*What to produce*
Copy out the data from the line containing "DualShock 4 Wireless" to its last line, exactly. No pictures.

(Records from a dataset)
________________________________________

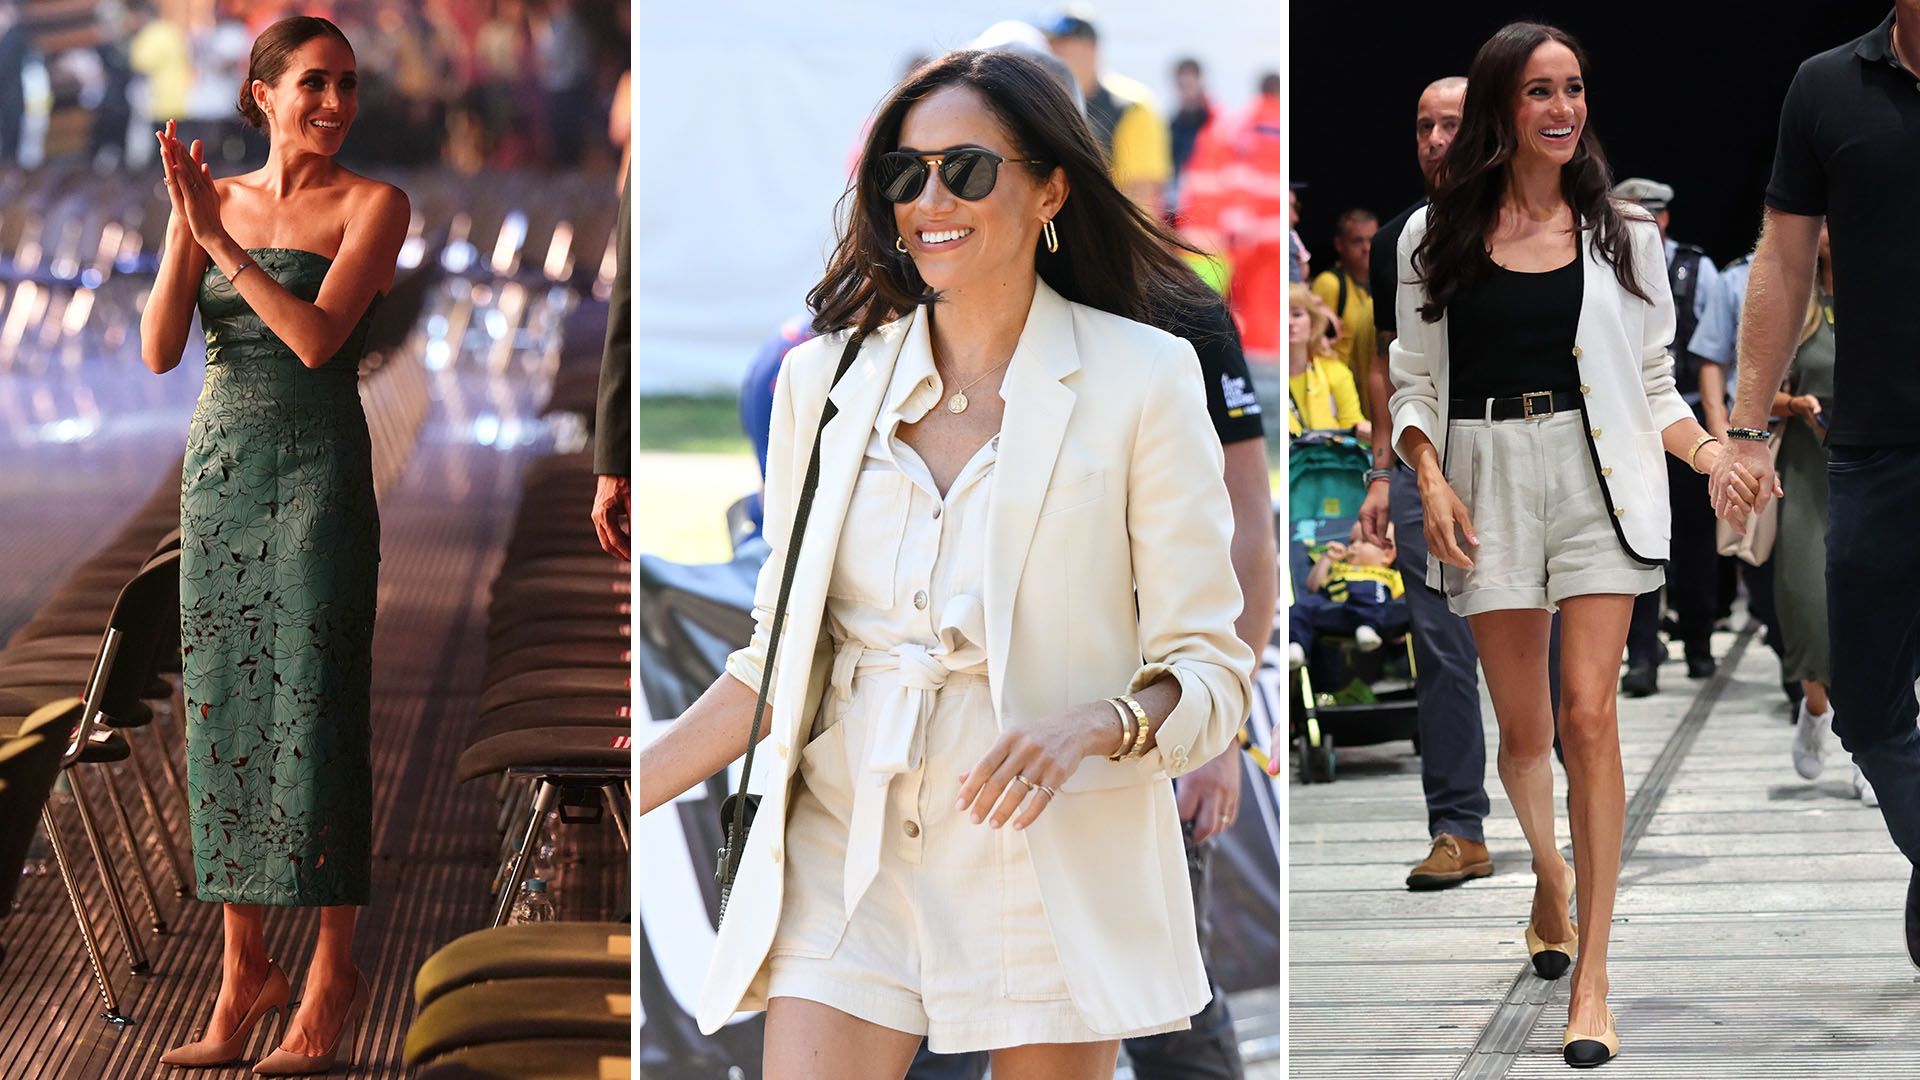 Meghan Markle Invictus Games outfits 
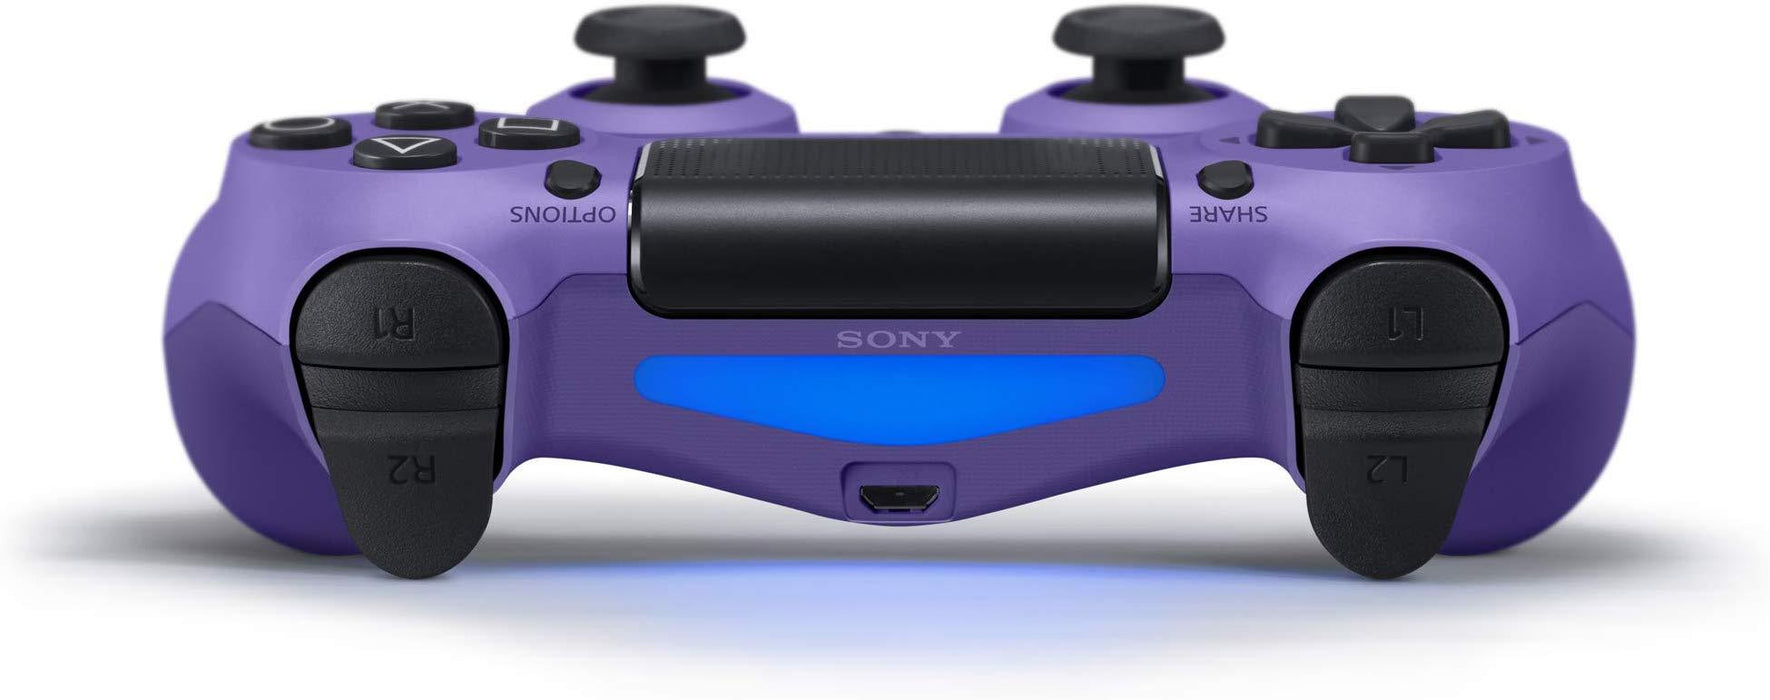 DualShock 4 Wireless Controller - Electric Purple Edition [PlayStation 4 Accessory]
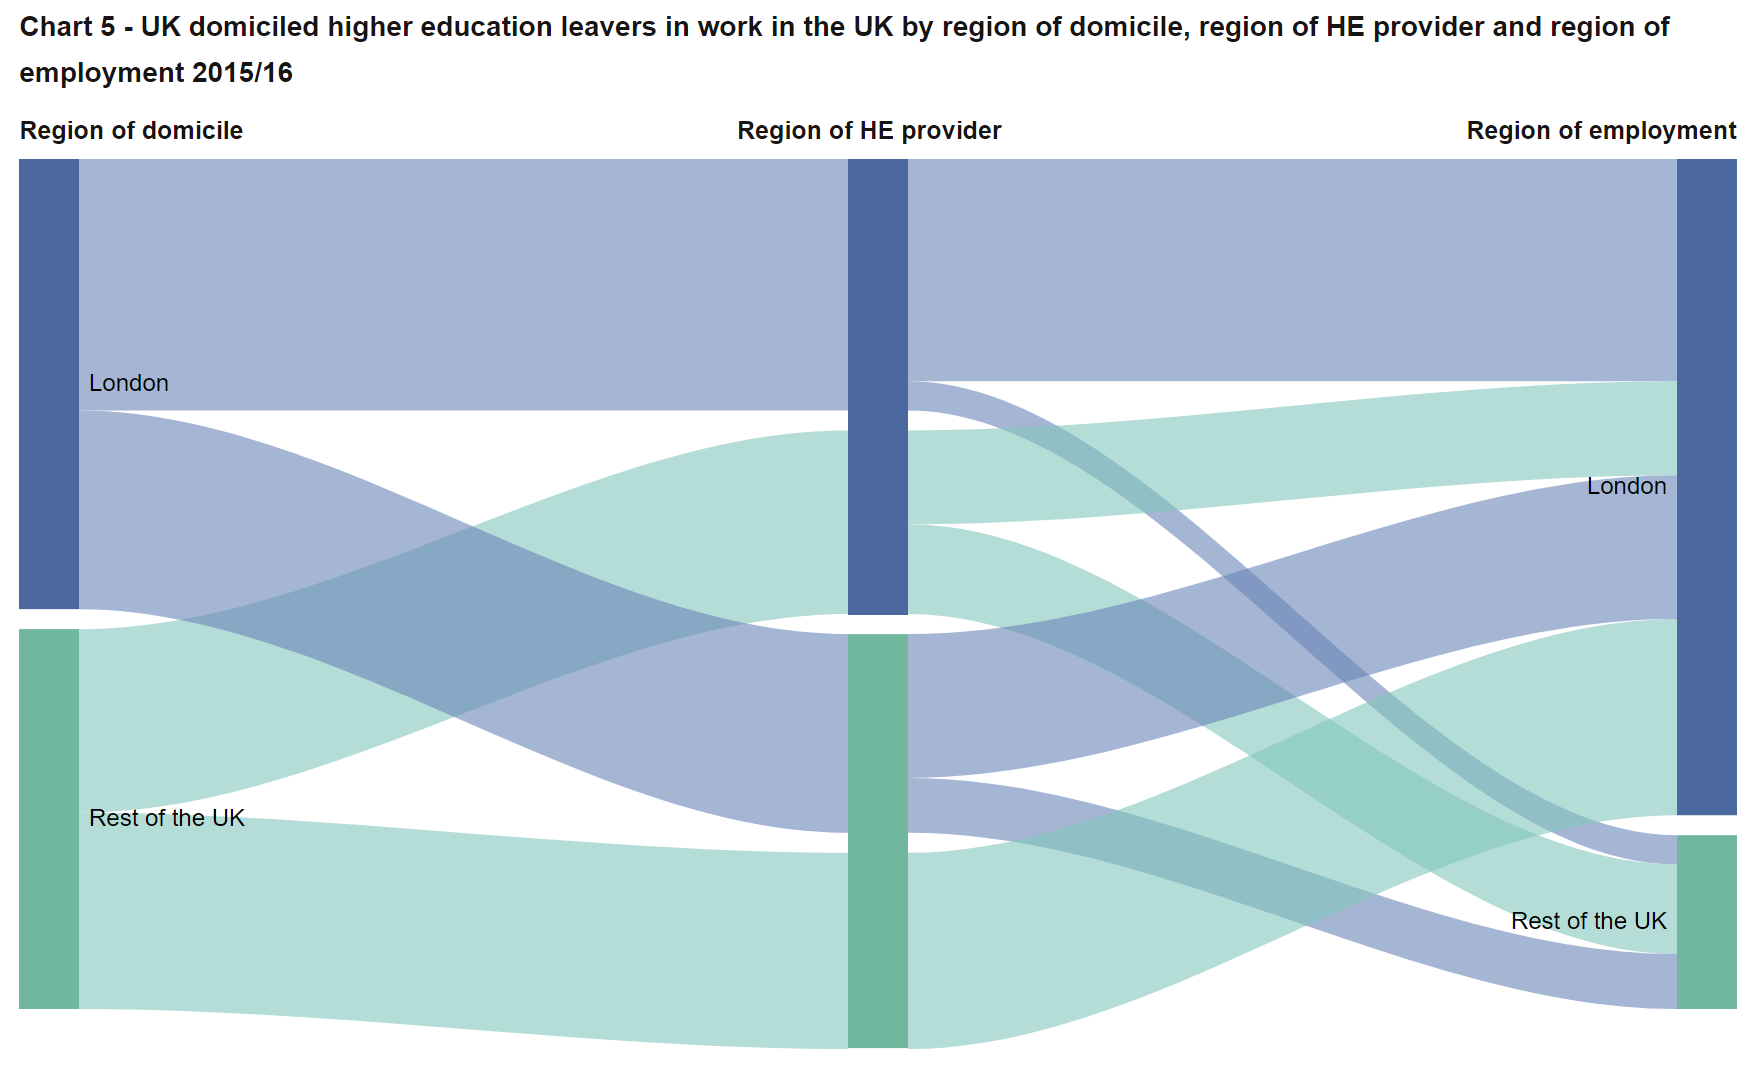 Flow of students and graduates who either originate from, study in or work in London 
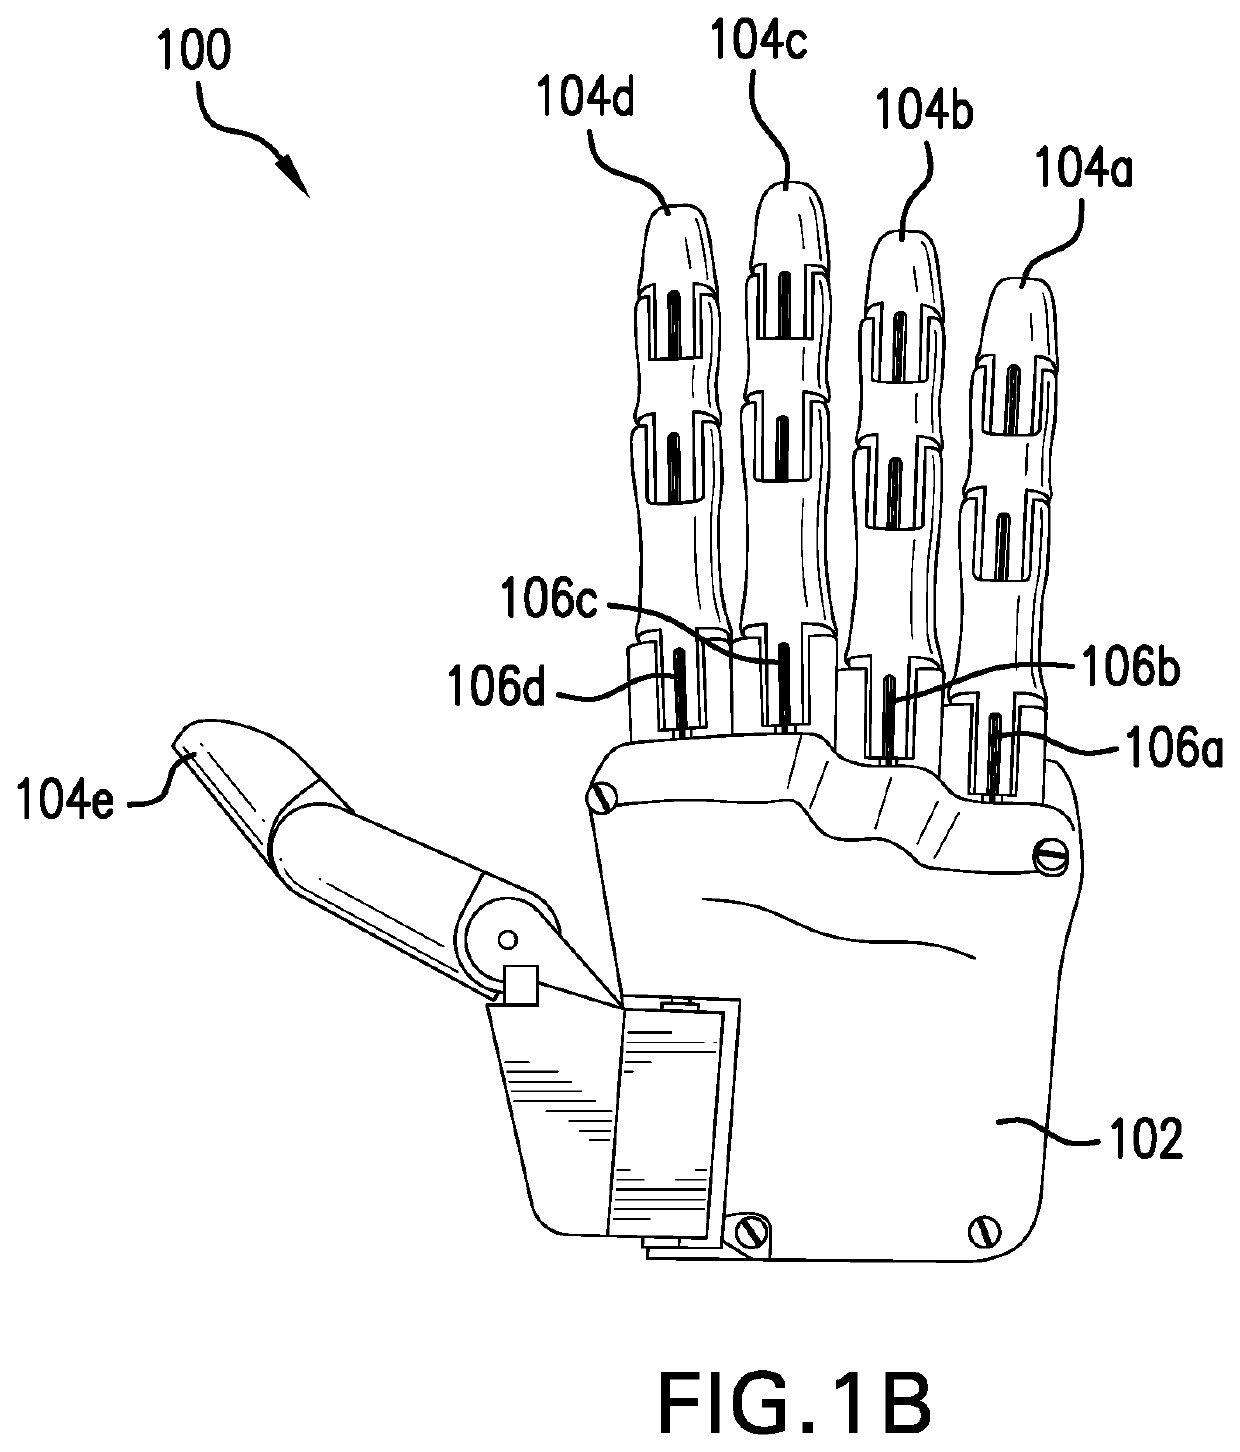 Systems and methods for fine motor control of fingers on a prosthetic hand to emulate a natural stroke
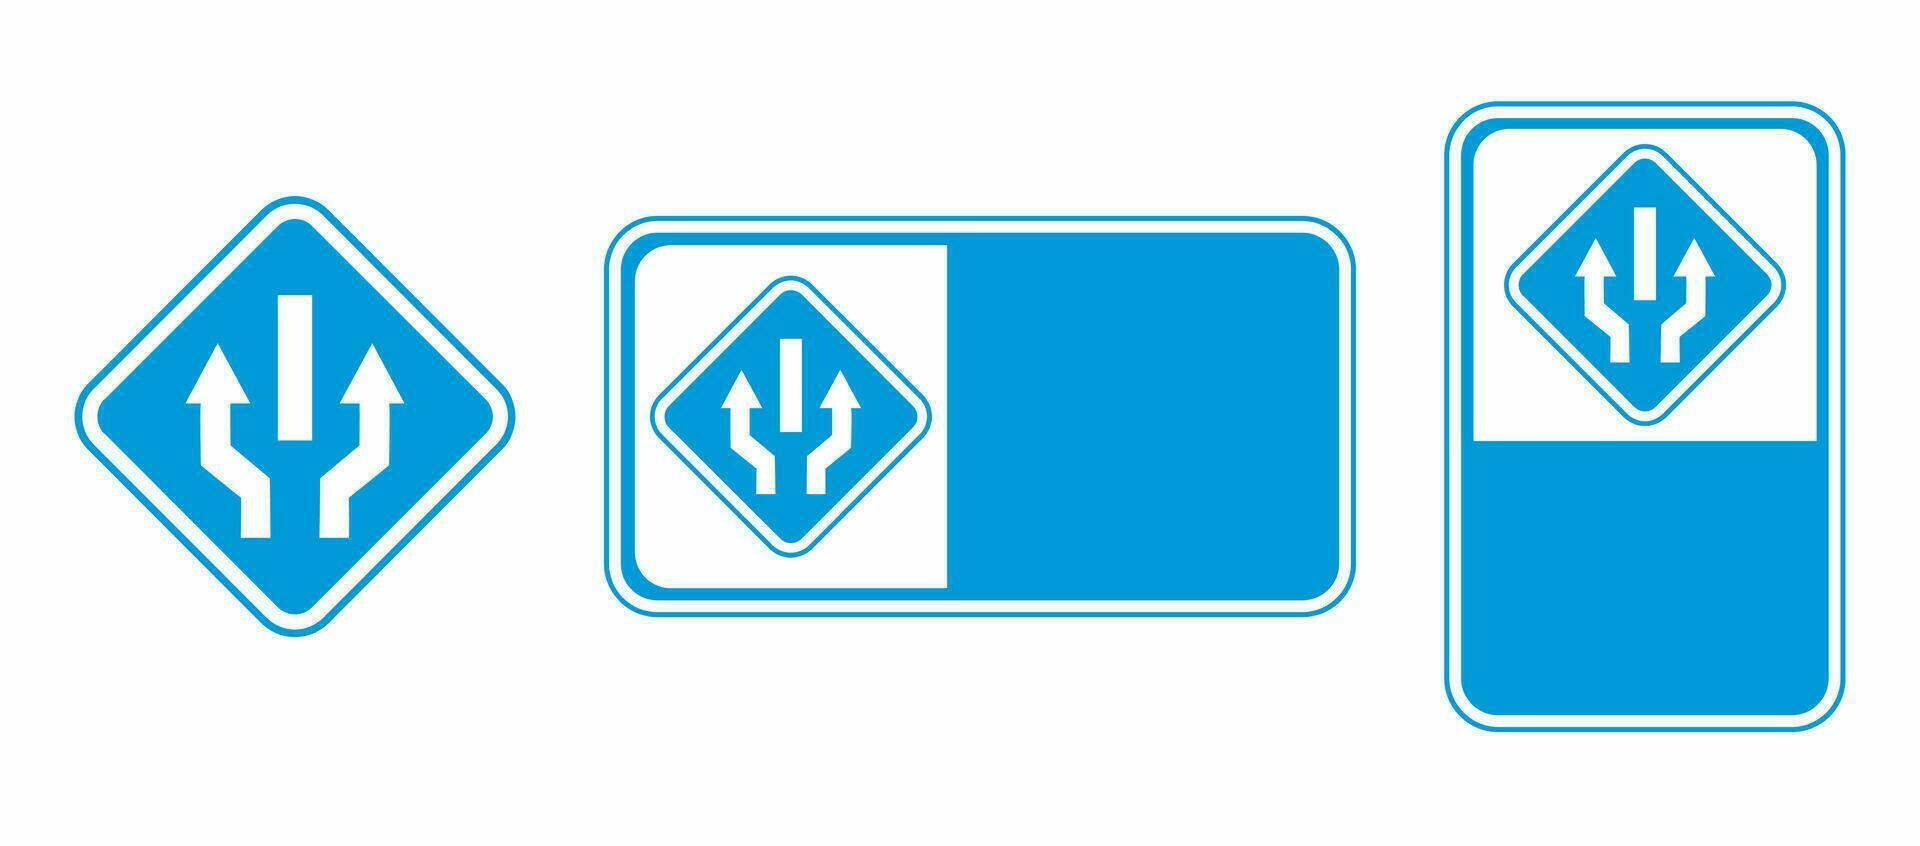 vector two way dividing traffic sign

________________________________________

*Solved problem*
 DualShock 4 Wireless Controller - Electric Purple Edition [PlayStation 4 Accessory]
 Flow of students and graduates who either originate from, study in or work in London 
 Systems and methods for fine motor control of fingers on a prosthetic hand to emulate a natural stroke
 vector two way dividing traffic sign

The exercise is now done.